TRY IT: What you submit must be an exact copy of the listing below, with no images in it.

GIVEN INFORMATION:
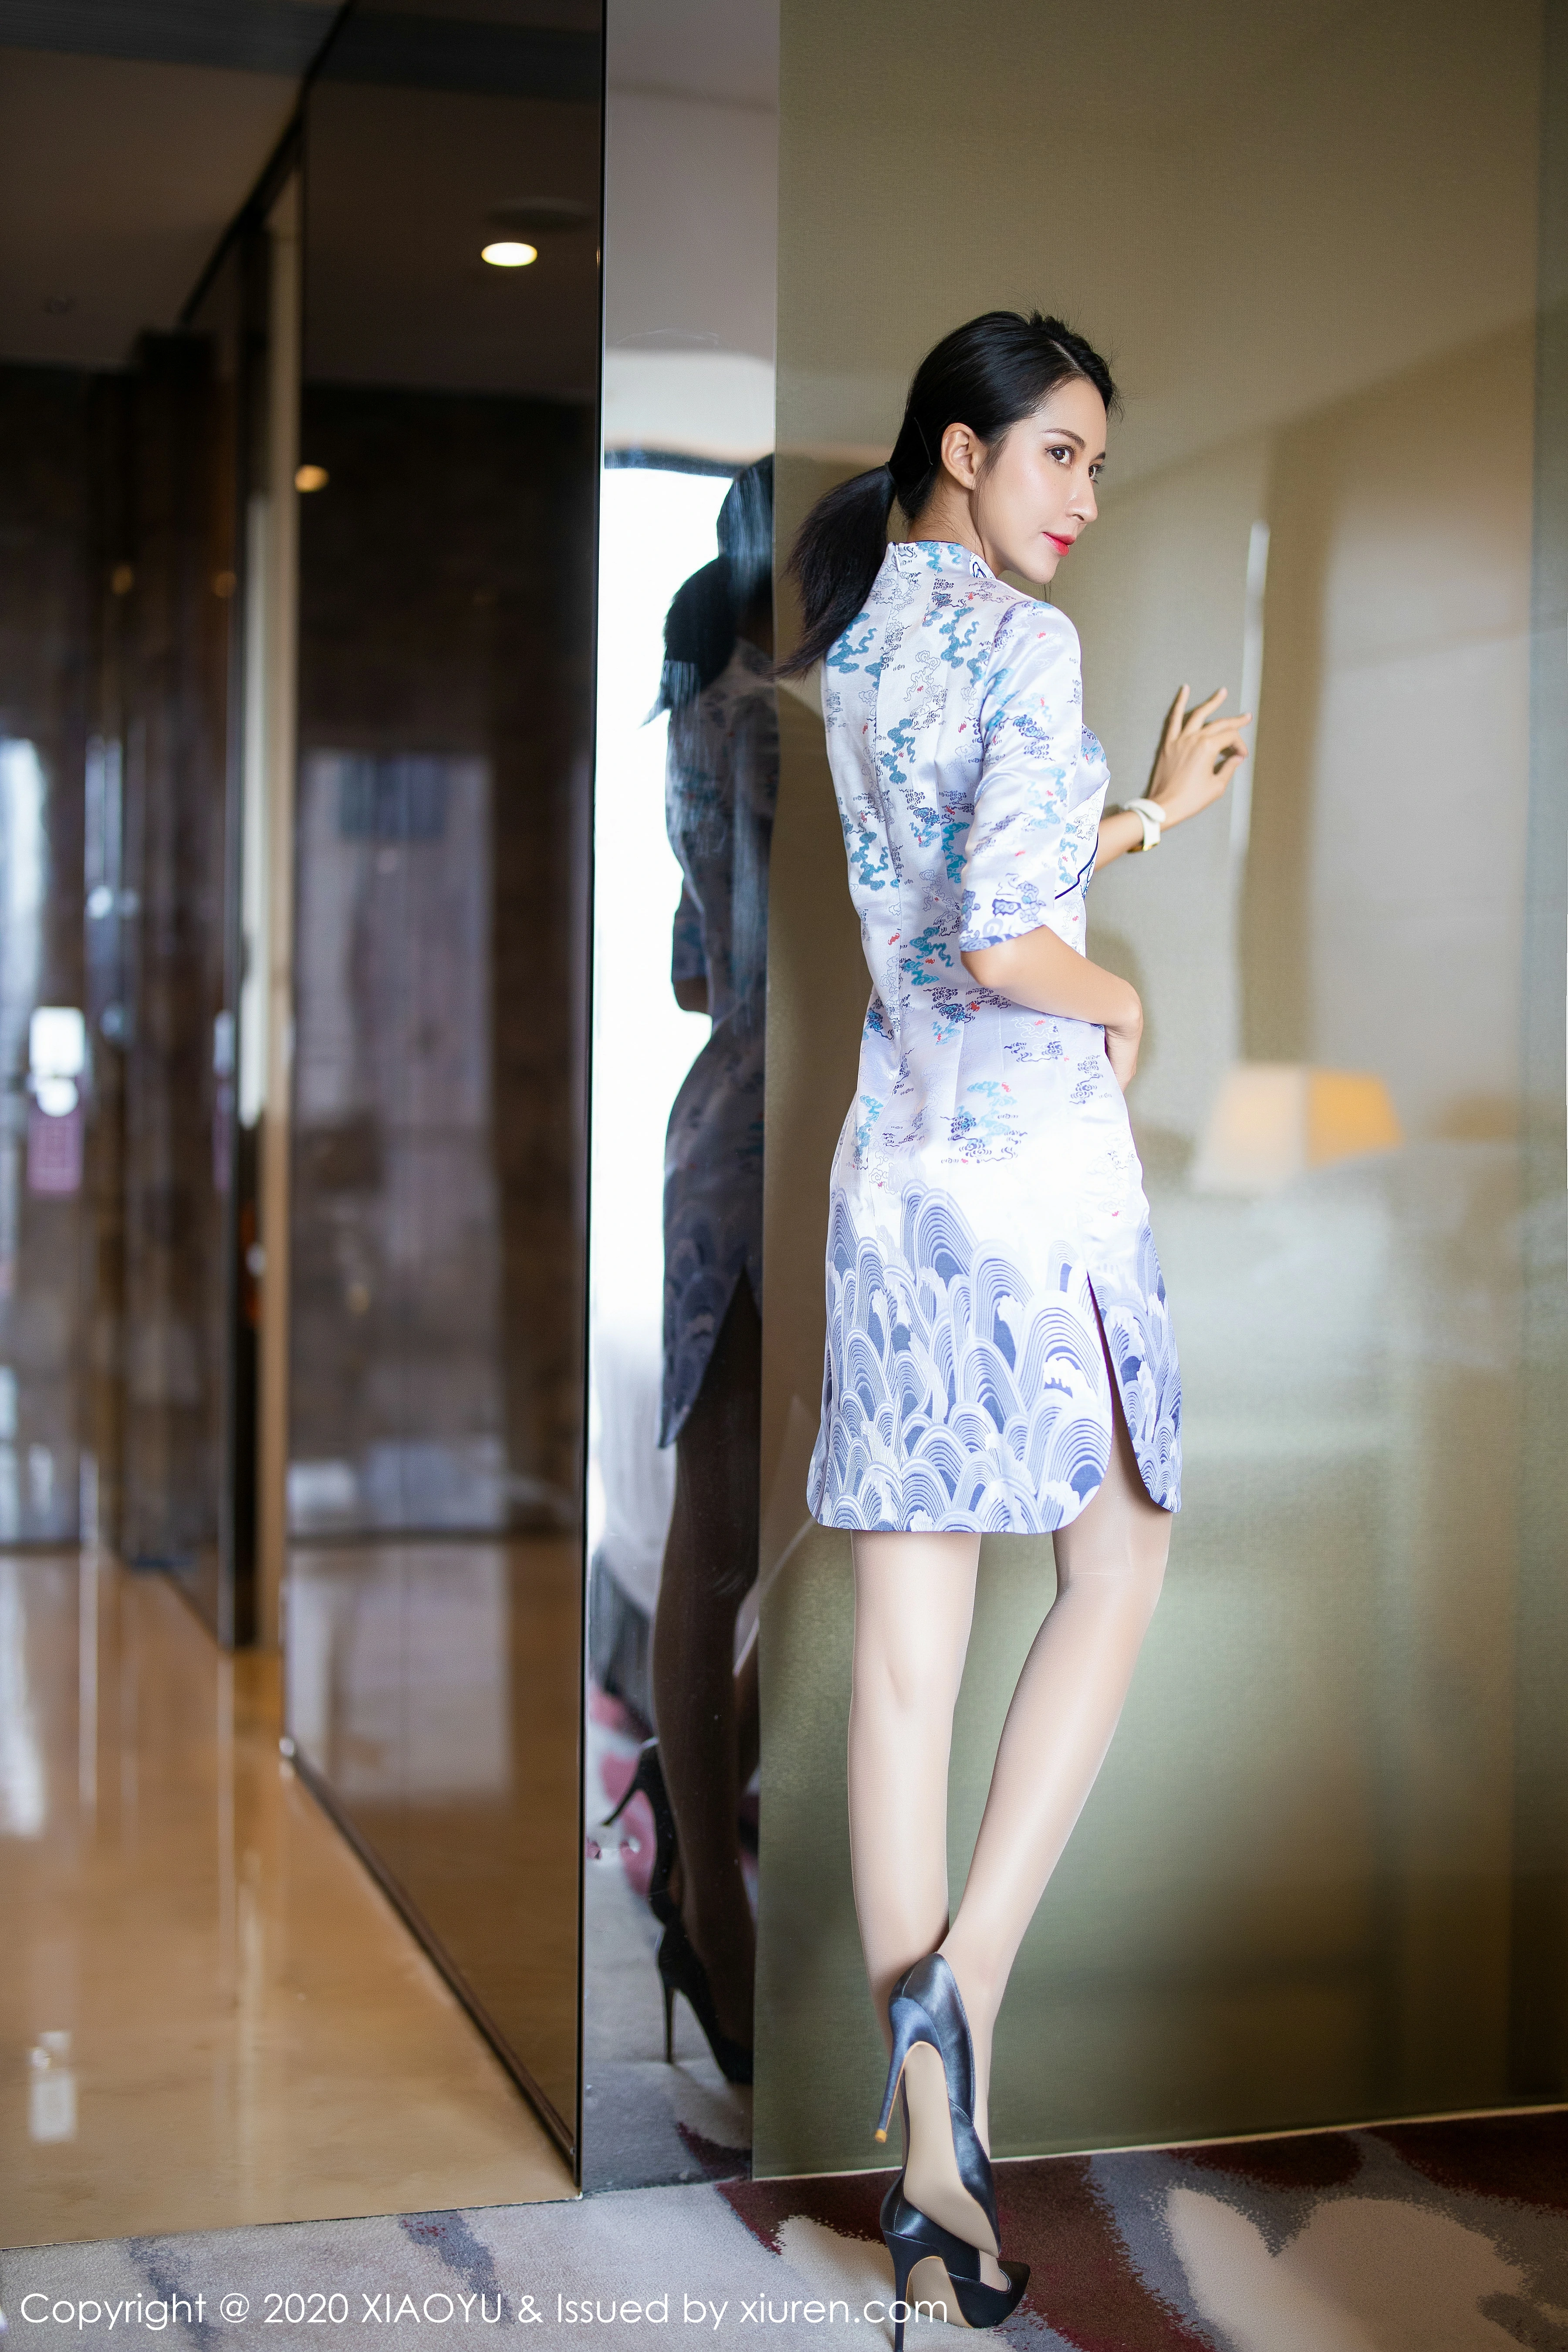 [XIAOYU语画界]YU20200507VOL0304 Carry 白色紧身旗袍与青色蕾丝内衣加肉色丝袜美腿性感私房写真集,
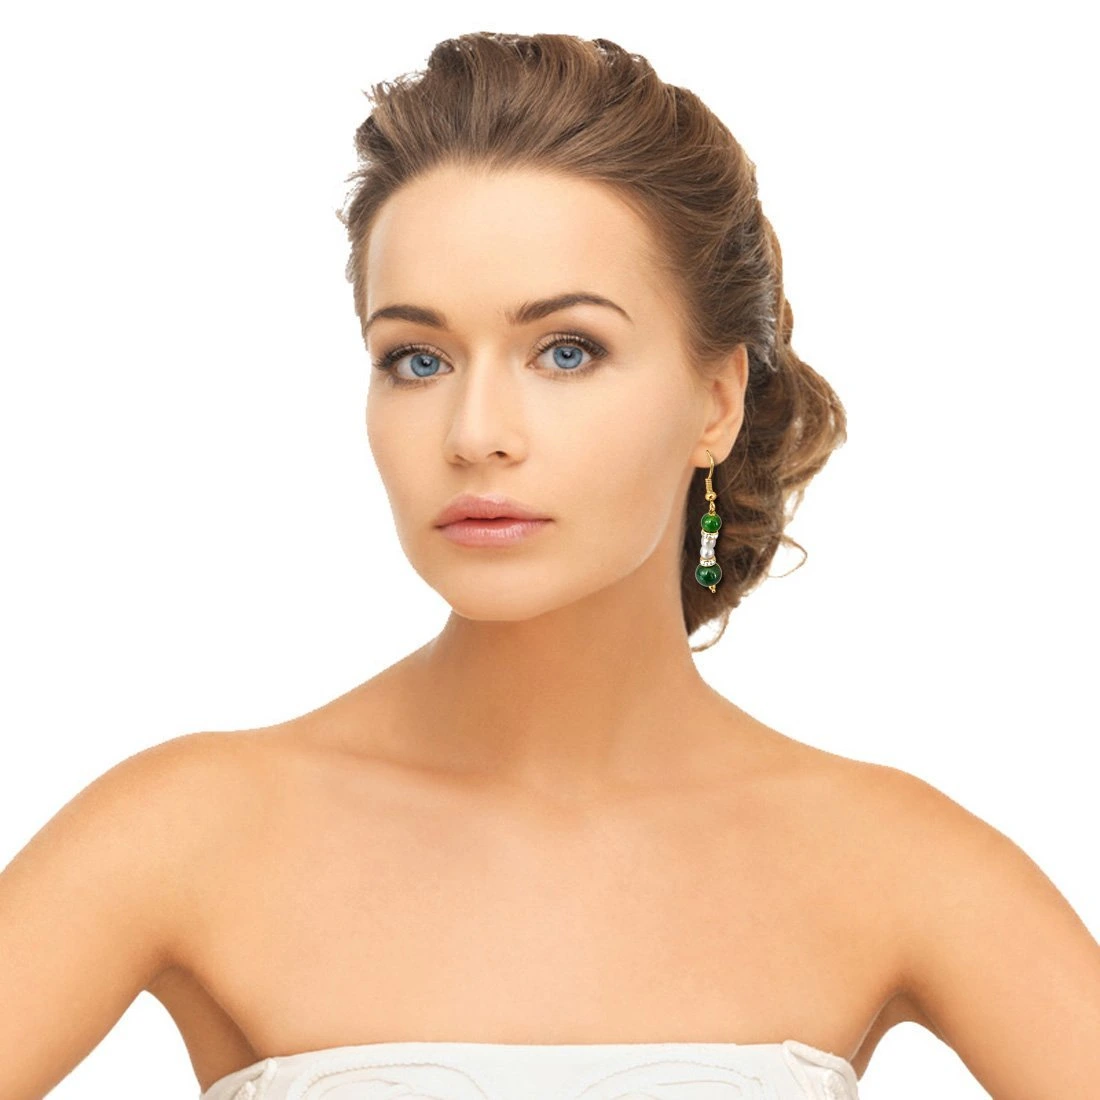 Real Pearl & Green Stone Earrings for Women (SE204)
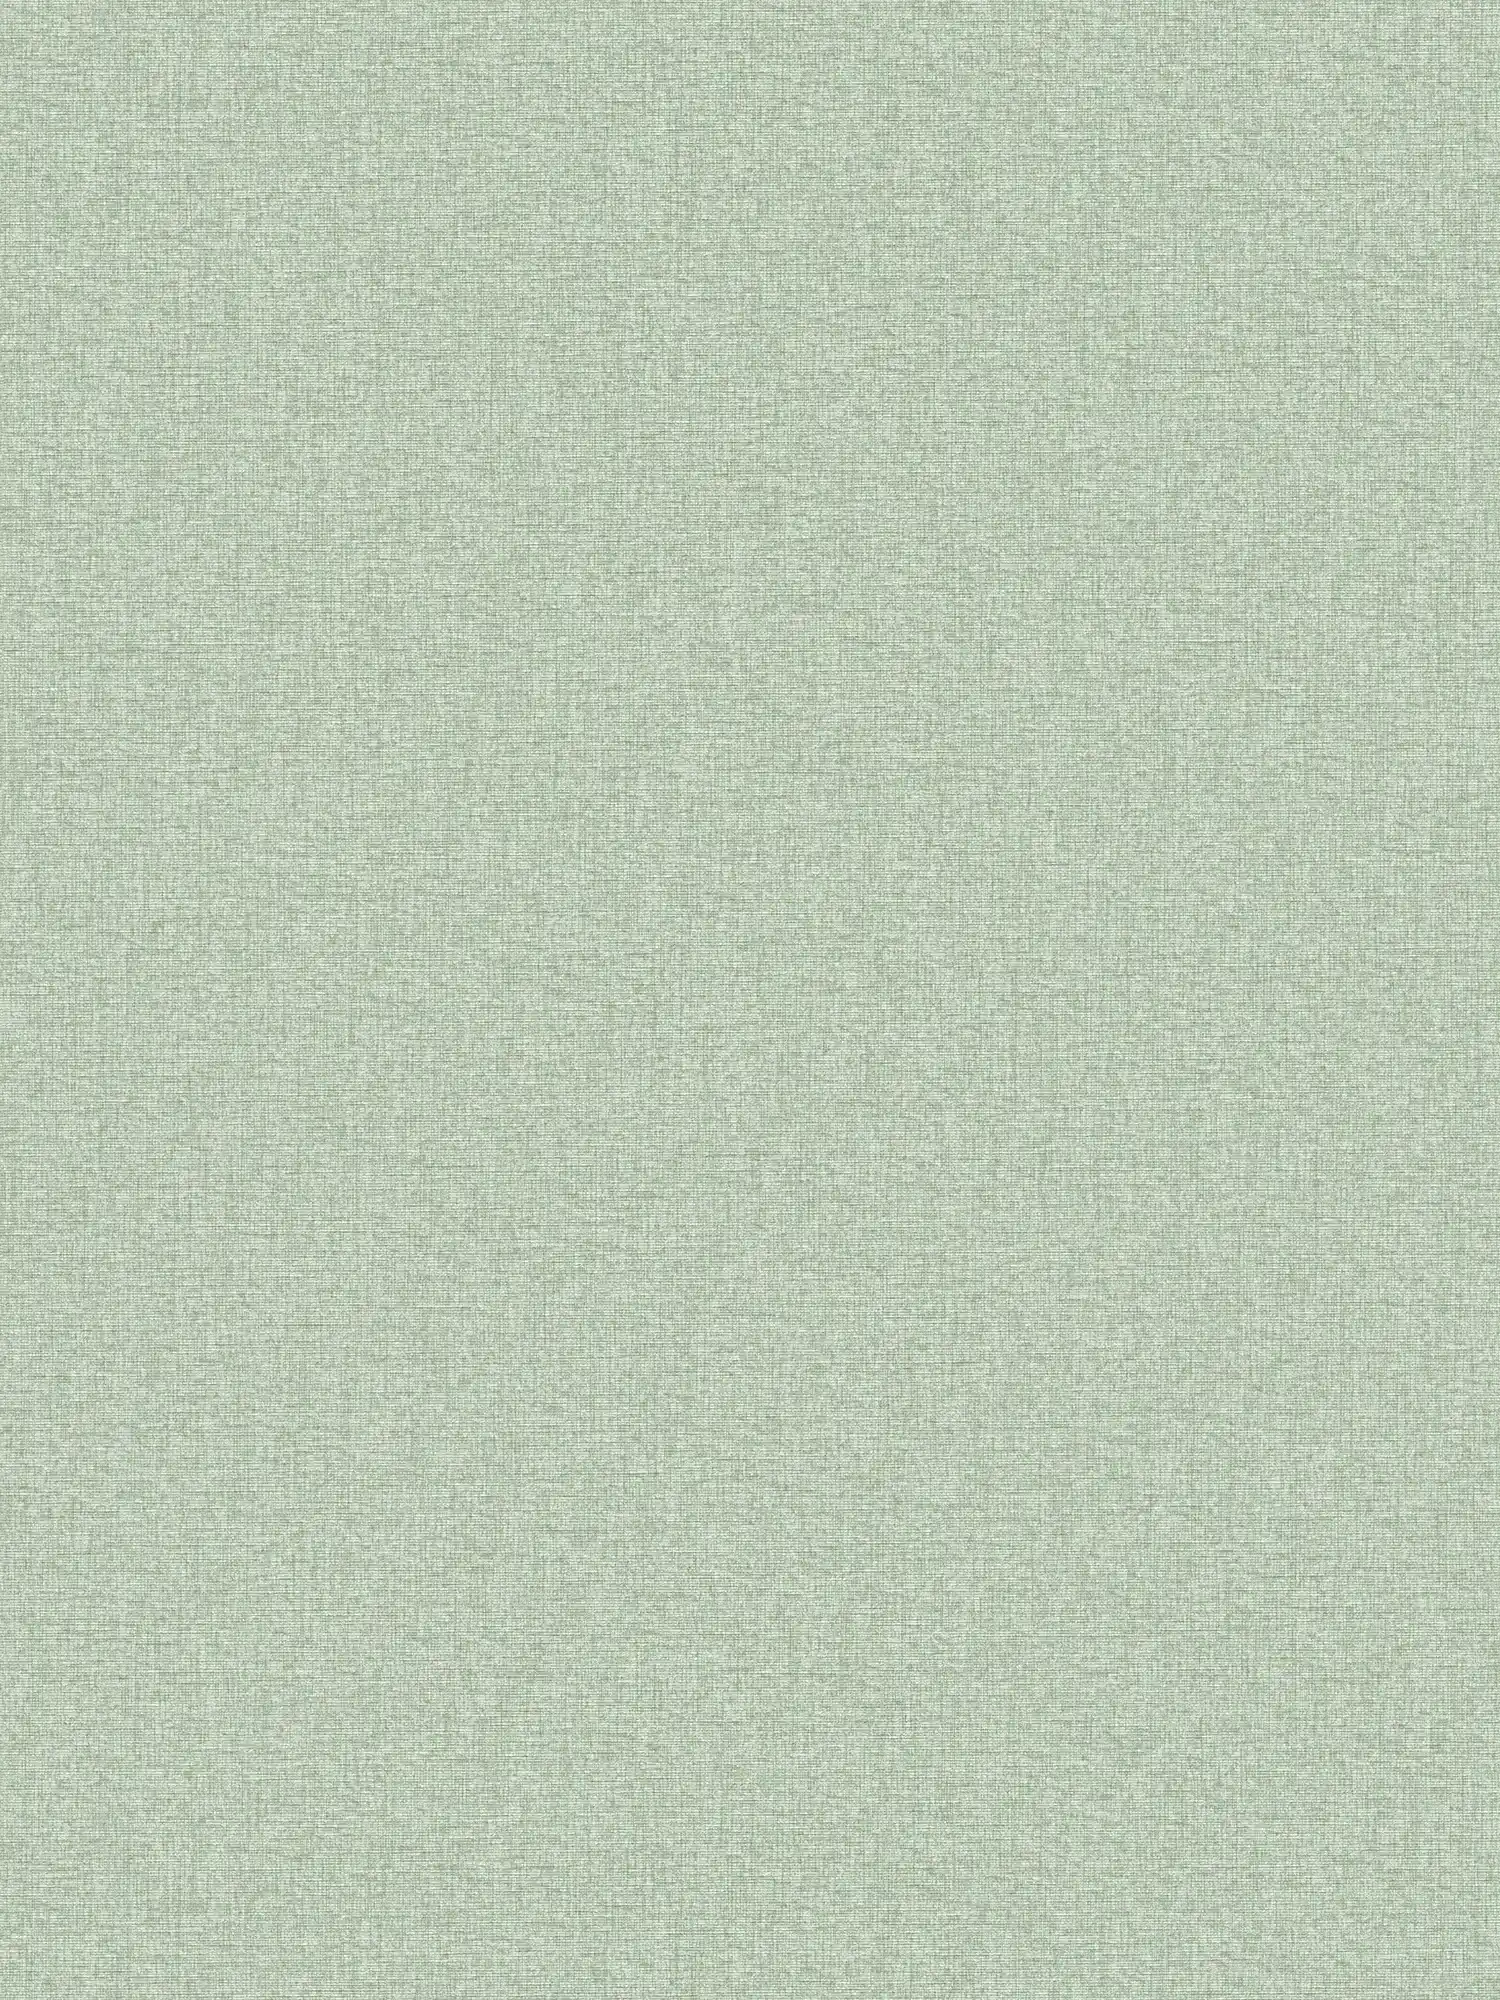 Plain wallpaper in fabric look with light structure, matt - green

EXPECTED OUTPUT:
 [XIAOYU语画界]YU20200507VOL0304 Carry 白色紧身旗袍与青色蕾丝内衣加肉色丝袜美腿性感私房写真集,
 Real Pearl & Green Stone Earrings for Women (SE204)
 Plain wallpaper in fabric look with light structure, matt - green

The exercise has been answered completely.